═══ Record set ═══

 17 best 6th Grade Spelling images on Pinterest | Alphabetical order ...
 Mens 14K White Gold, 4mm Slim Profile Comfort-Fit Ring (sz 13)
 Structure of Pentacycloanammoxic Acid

═══
═══ Record set ═══

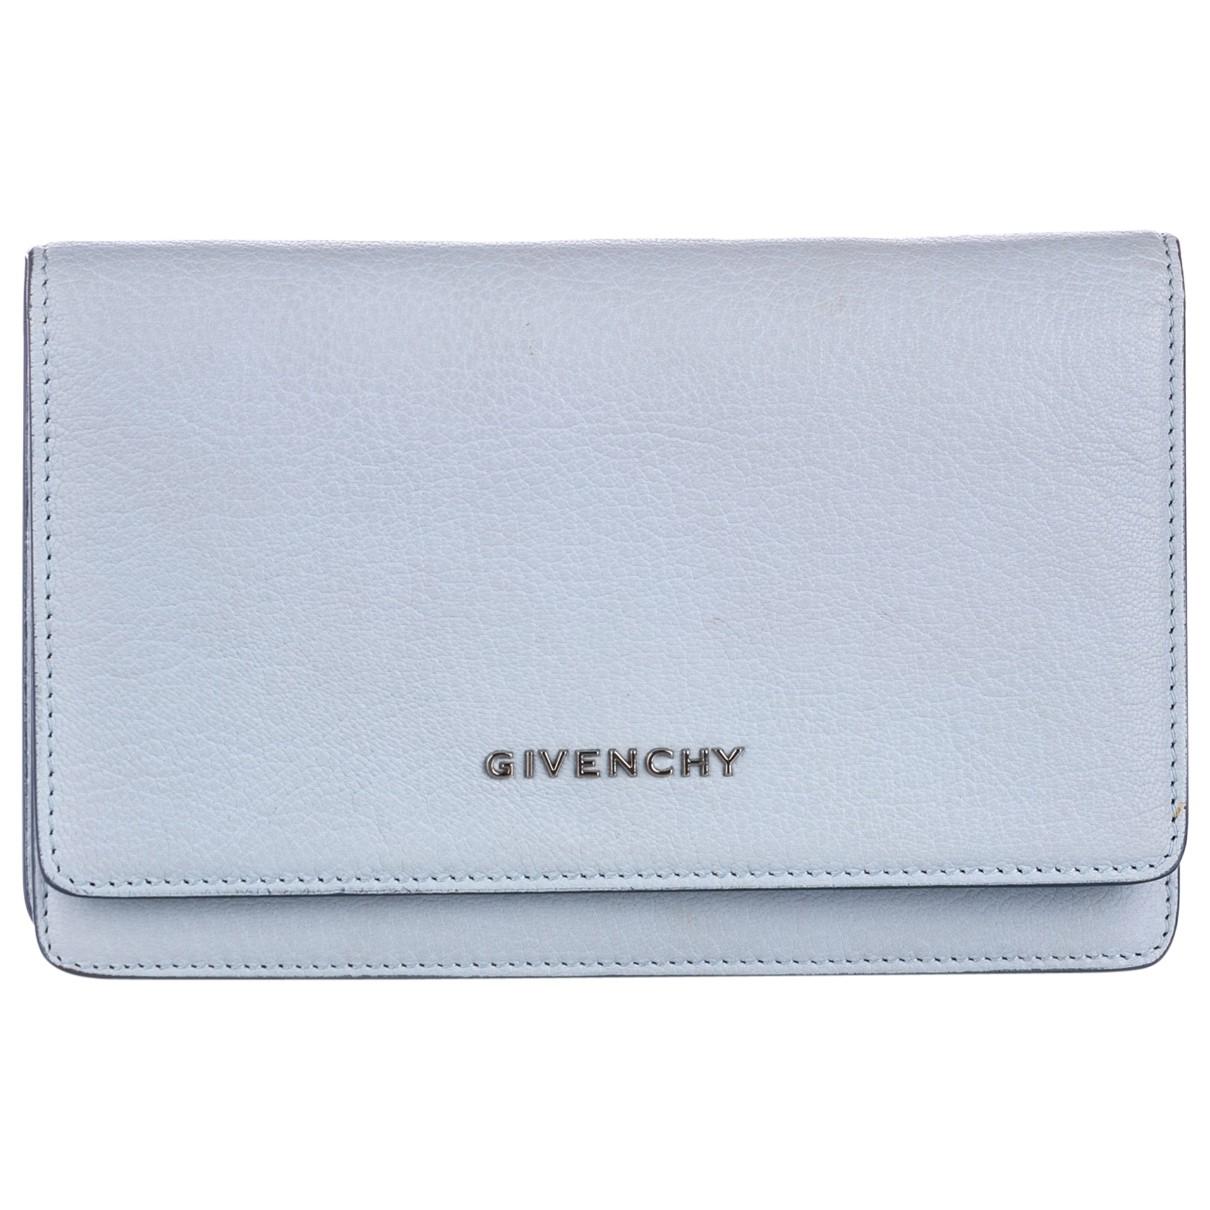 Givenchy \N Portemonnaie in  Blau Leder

═══
═══ Record set ═══

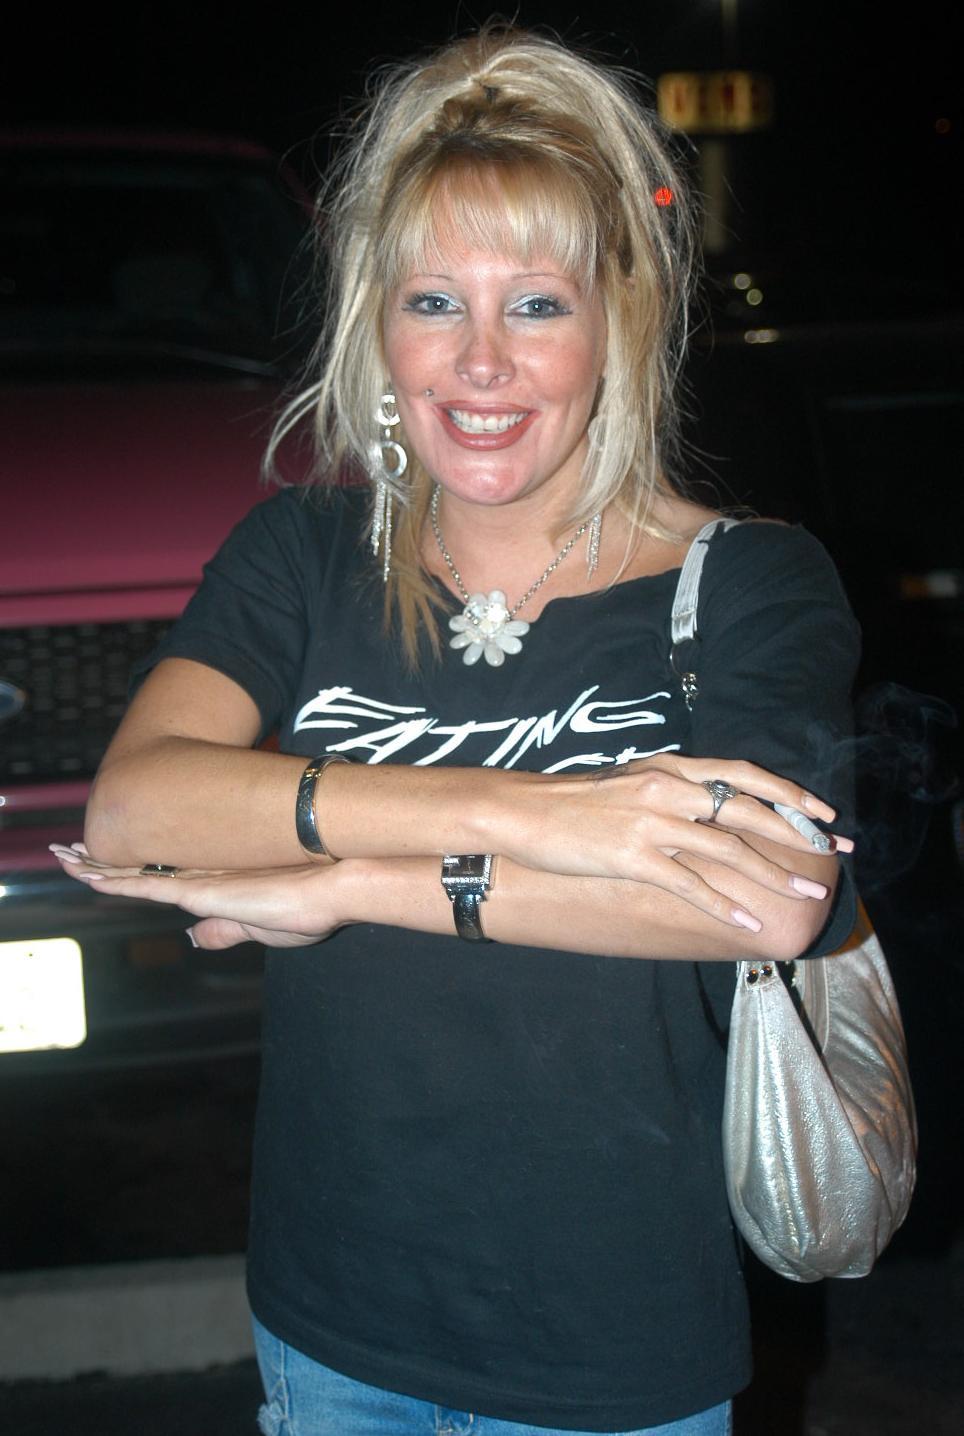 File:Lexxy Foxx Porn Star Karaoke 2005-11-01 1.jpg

═══

Where the line holding "17 best 6th" appears in the listing above, start reproducing exactly, and end with the line holding "Structure of Pentacycloanammoxic Acid".

[Task answer]:
 17 best 6th Grade Spelling images on Pinterest | Alphabetical order ...
 Mens 14K White Gold, 4mm Slim Profile Comfort-Fit Ring (sz 13)
 Structure of Pentacycloanammoxic Acid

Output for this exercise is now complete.